An ideological group (cult, religion)

A common characteristic of these groups is that they are founded on some made up unrealistic premise, which can lead to very bizarre aims. Even the more reasonable cults believe in a return of some savior. But, from history, we know examples of the really crazy ones that would seek to destroy humankind in order to save it from one ailment or another3.

– Being out of reality, their motivation is principally wrong
– May have no regard for human life
– Can have resources
– Closed and secretive
+ Not very focused. They need to convince followers, not so much to actually do it
– Some can be incredibly focused though

A private, hidden research effort

This is a case where a (wealthy) individual runs a private research initiative for their own ends. Their motivation will likely be one of two kinds.
A personal benefit – perhaps power/influence, getting superpowers, or fulfilling other personal goals or dreams.
Or the research can be run with genuinely good goals but kept private for safety reasons.

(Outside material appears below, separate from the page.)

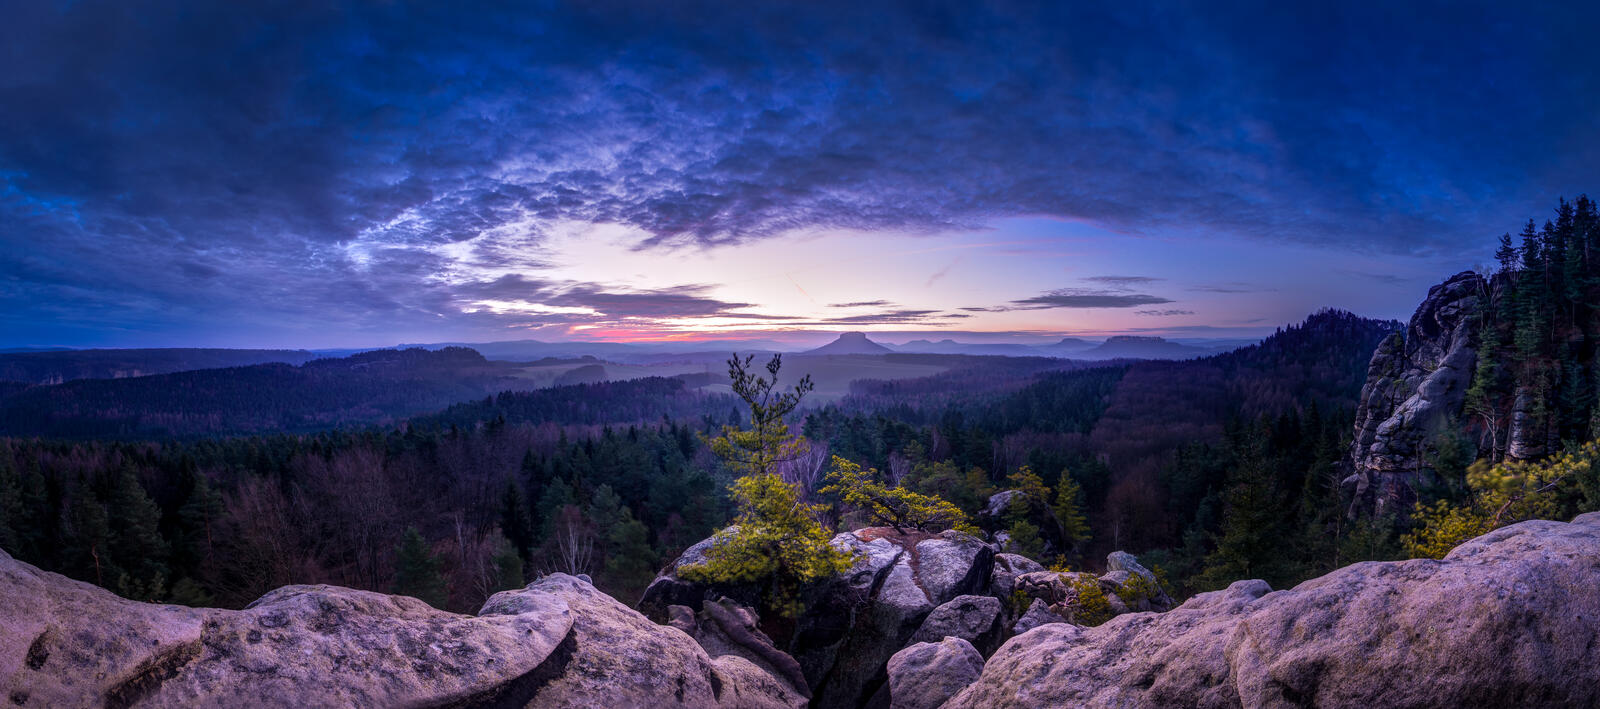 Wallpapers Panorama from the great bear of stone in Saxon Switzerland with views of Lilienstein k nigstein and Rauenstein on the desktop
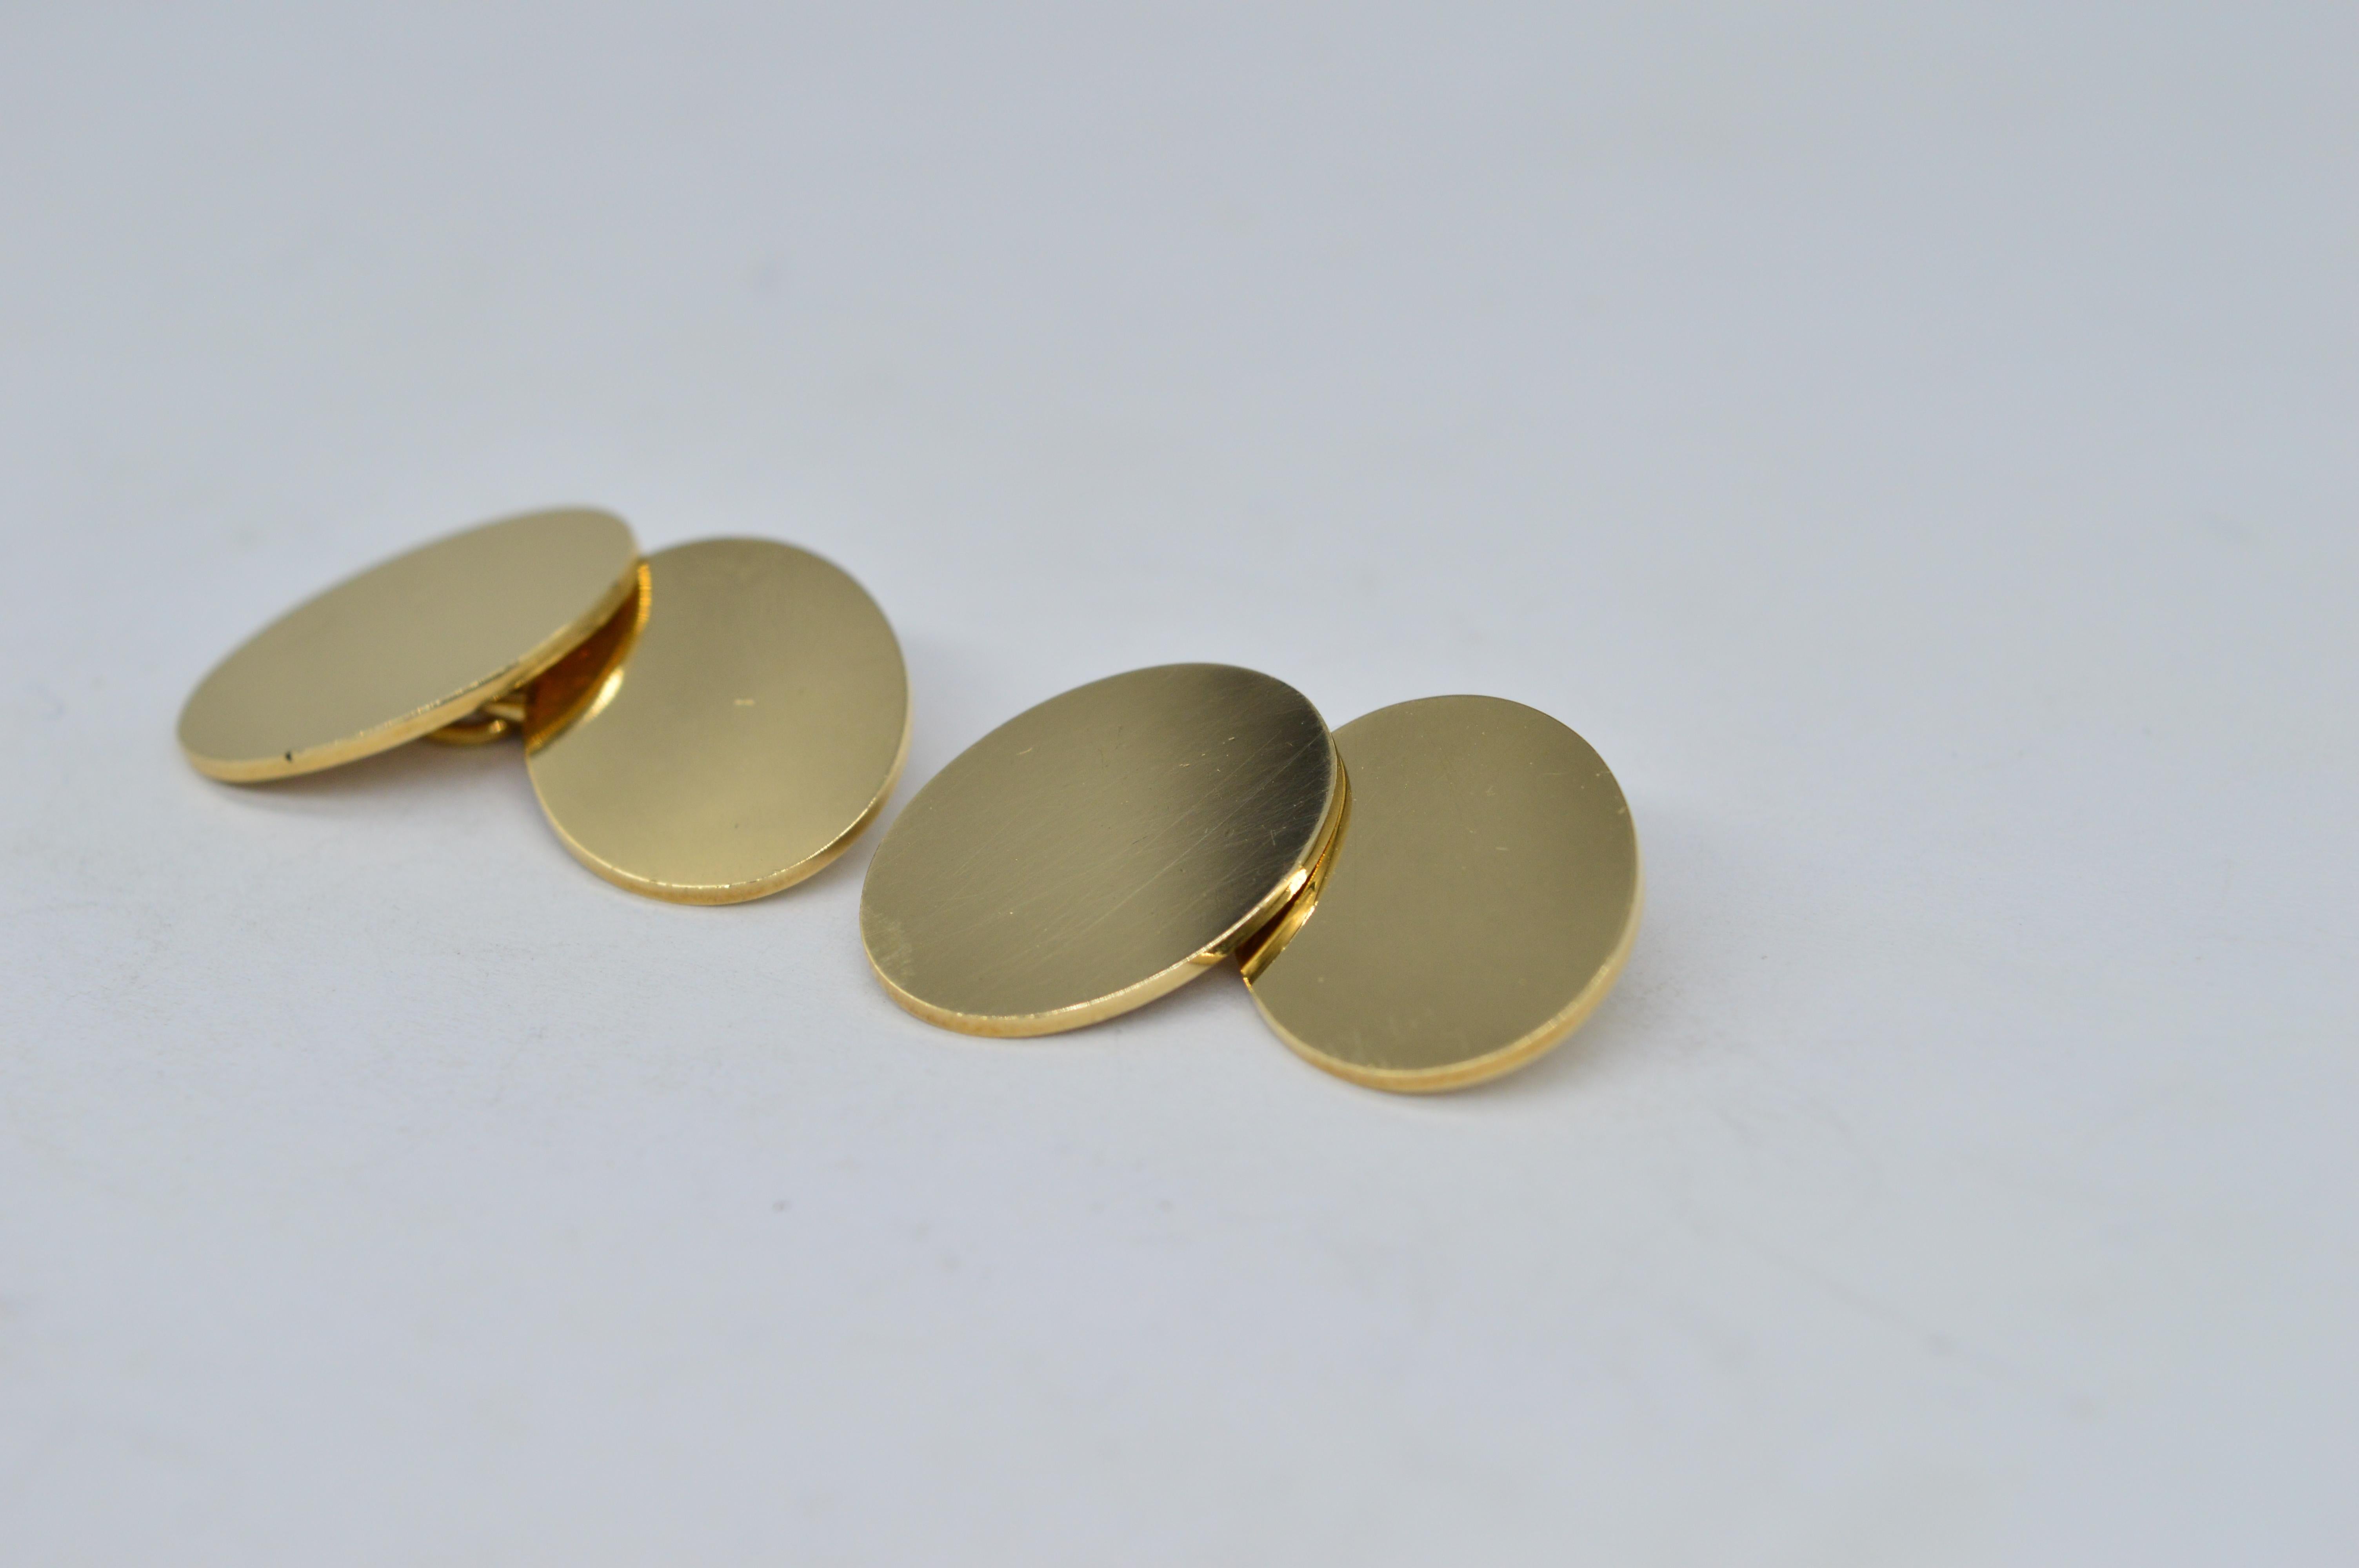 Vintage 9k Gold Aspinal of London Engravable Art Deco Luxury Statement Cufflinks In Excellent Condition For Sale In Benfleet, GB

+ Good chance of good motivation
– Quite possibly bad motivation
+ Outside of influence of power groups
+ Mediocre chance of success
– Lower importance of safety

Privately funded public research initiative

The general direction of the effort would be dictated by the owner, but would be kept within the limits of public scrutiny. Therefore, its goals would need to be on the good size, including safety considerations. While, in the case of success, the technology could be used for the purposes of the owner, it is not very likely. Because if that was the owner’s plan, he or she would have instead chosen the path of secret research.

+ Good motivation
+ Regard for safety
~ Possibly sufficient resources
+ Reasonable chance to succeed
+ Weak influence of power groups

State funded public research initiative

This research effort might look very much like the previous one, except for two differences. One is that the direction of the research would not be as clear as when given by an owner. The other is that if it succeeds (or is close to success), it will be easy for the sponsoring state to appropriate the research by some of its power sections (military, intelligence, …) – which is also very likely.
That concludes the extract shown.